Users will send you a description of a design, and you must reply with HTML,
and nothing else. Your reply will be directly copied and rendered into a browser,
so do not include any text. If you would like to explain your reasoning, feel free
to do so in HTML comments.` ,
},
{
role: "user" ,
content: input,
},
];
}
JSON . stringify (
generateMessages ( "A login form for a B2B SaaS product." ),
null ,
2
);
[
{
"role": "system",
"content": "You are a skilled design engineer\nwho can convert ambiguously worded ideas into beautiful, crisp HTML and CSS.\nYour designs value simplicity, conciseness, clarity, and functionality over\ncomplexity.\n\nYou generate pure HTML with inline CSS, so that your designs can be rendered\ndirectly as plain HTML. Only generate components, not full HTML pages. If you\nneed to add CSS, you can use the \"style\" property of an HTML tag. You cannot use\nglobal CSS in a <style> tag.\n\nUsers will send you a description of a design, and you must reply with HTML,\nand nothing else. Your reply will be directly copied and rendered into a browser,\nso do not include any text. If you would like to explain your reasoning, feel free\nto do so in HTML comments."
},
{
"role": "user",
"content": "A login form for a B2B SaaS product."
}
]
await displayComponent (
"Logs viewer for a cloud infrastructure management tool.
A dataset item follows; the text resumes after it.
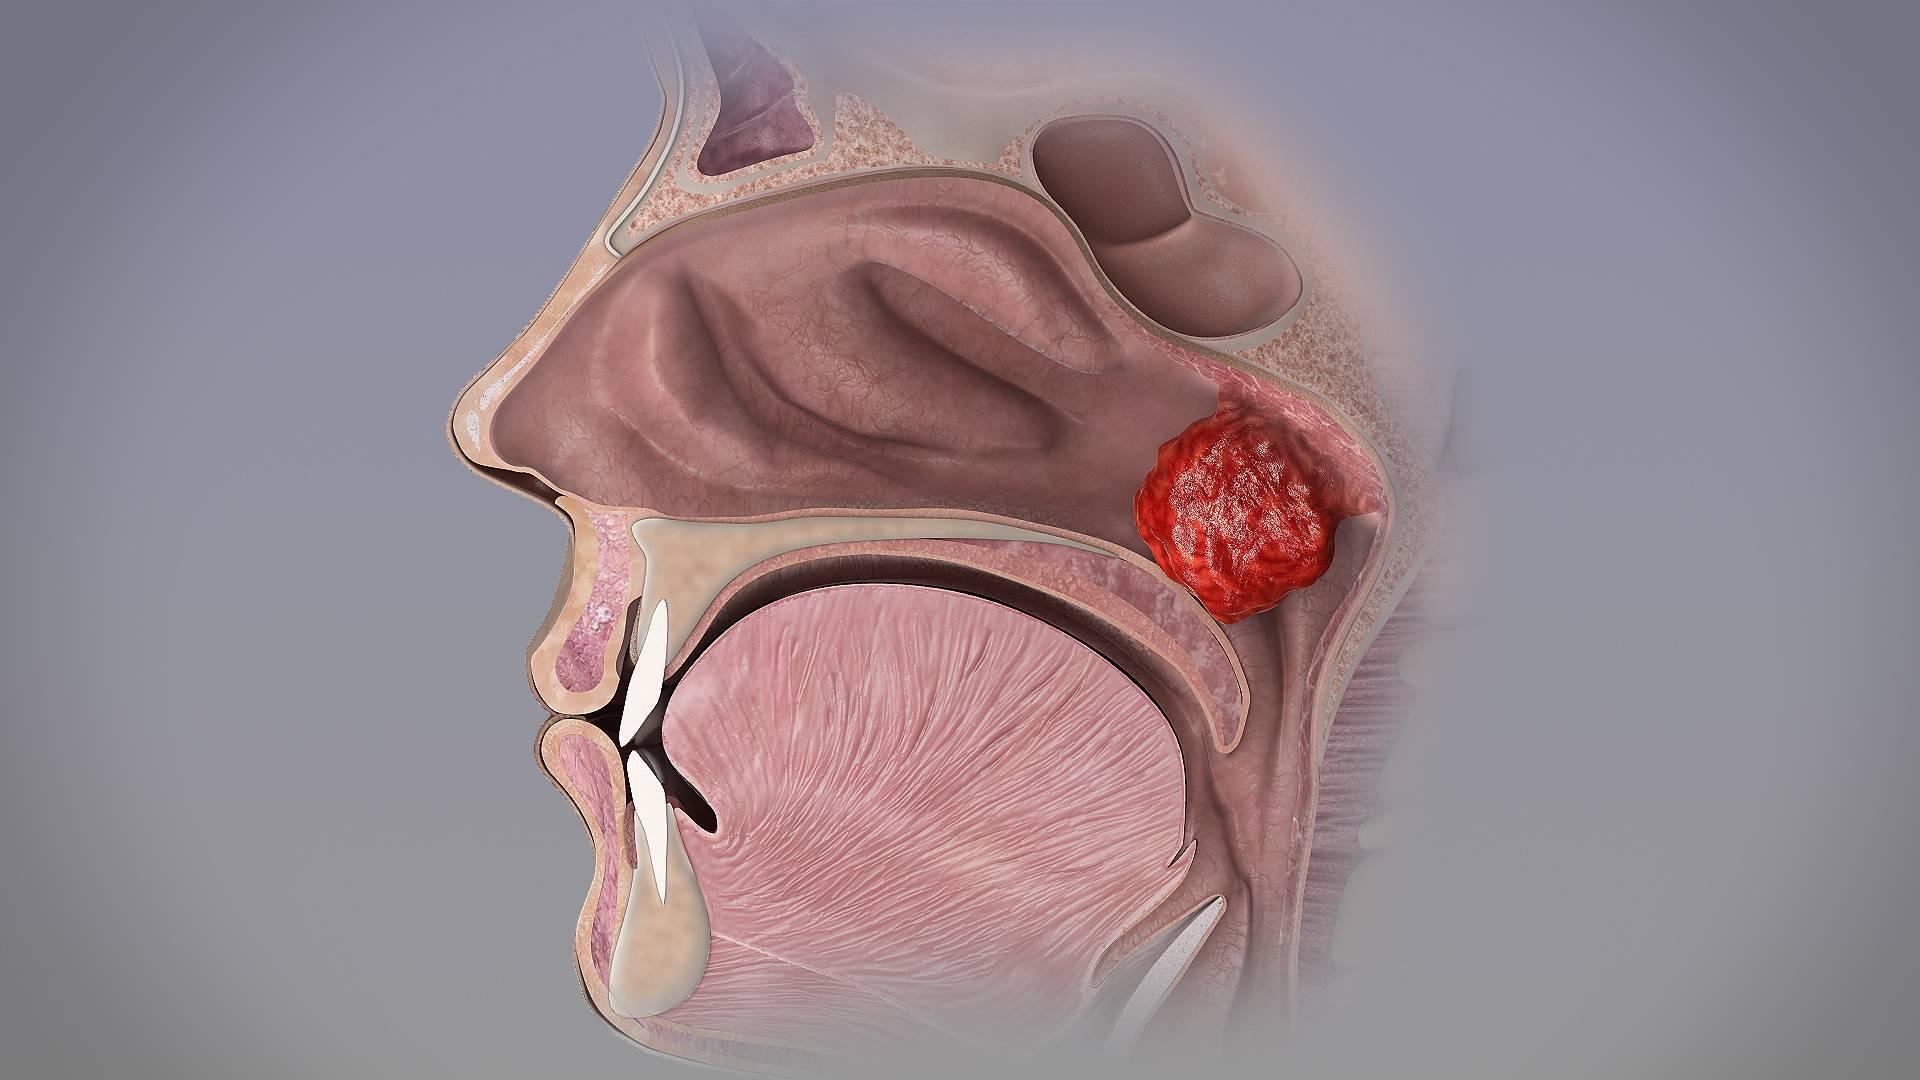 воспаление носоглотки симптомы и лечение

Heavy use of dark mode."
);
<div>
<div style="background-color: #252525; color: #FFFFFF; padding: 10px;">
<h1 style="margin: 0;">Logs Viewer</h1>
</div>
<div style="background-color: #343434; color: #FFFFFF; padding: 10px;">
<pre style="margin: 0;">[Timestamp] [Service Name] [Log Level] [Message]</pre>
<pre style="margin: 0;">[Timestamp] [Service Name] [Log Level] [Message]</pre>
<pre style="margin: 0;">[Timestamp] [Service Name] [Log Level] [Message]</pre>
<!-- Repeat as needed for more logs -->
</div>
</div>
Nice, it looks like it no longer generates an html
tag. Let's re-run the Eval
(copy/pasted below for convenience).
import { Eval, initDataset } from "braintrust" ;
await Eval ( "Component generator" , {
data : async () => {
const dataset = initDataset ( "Component generator" , {
dataset: "Interesting cases" ,
});
const records = [];
for await ( const { input } of dataset. fetch ()) {
records. push ({ input });
}
return records;
},
task: generateComponent,
scores: [], // We do not need to add any additional scores, because our generateComponent() function already computes isComponent
});
console. log ( "Done!" );
Nice! We are now generating components without the <html>
tag.
Now that we've run another experiment, a good next step would be to rate the new components and make sure we did not suffer a serious aesthetic regression. You can also collect more user examples, add them to the dataset, and re-evaluate to better assess how well your application works. Happy evaluating!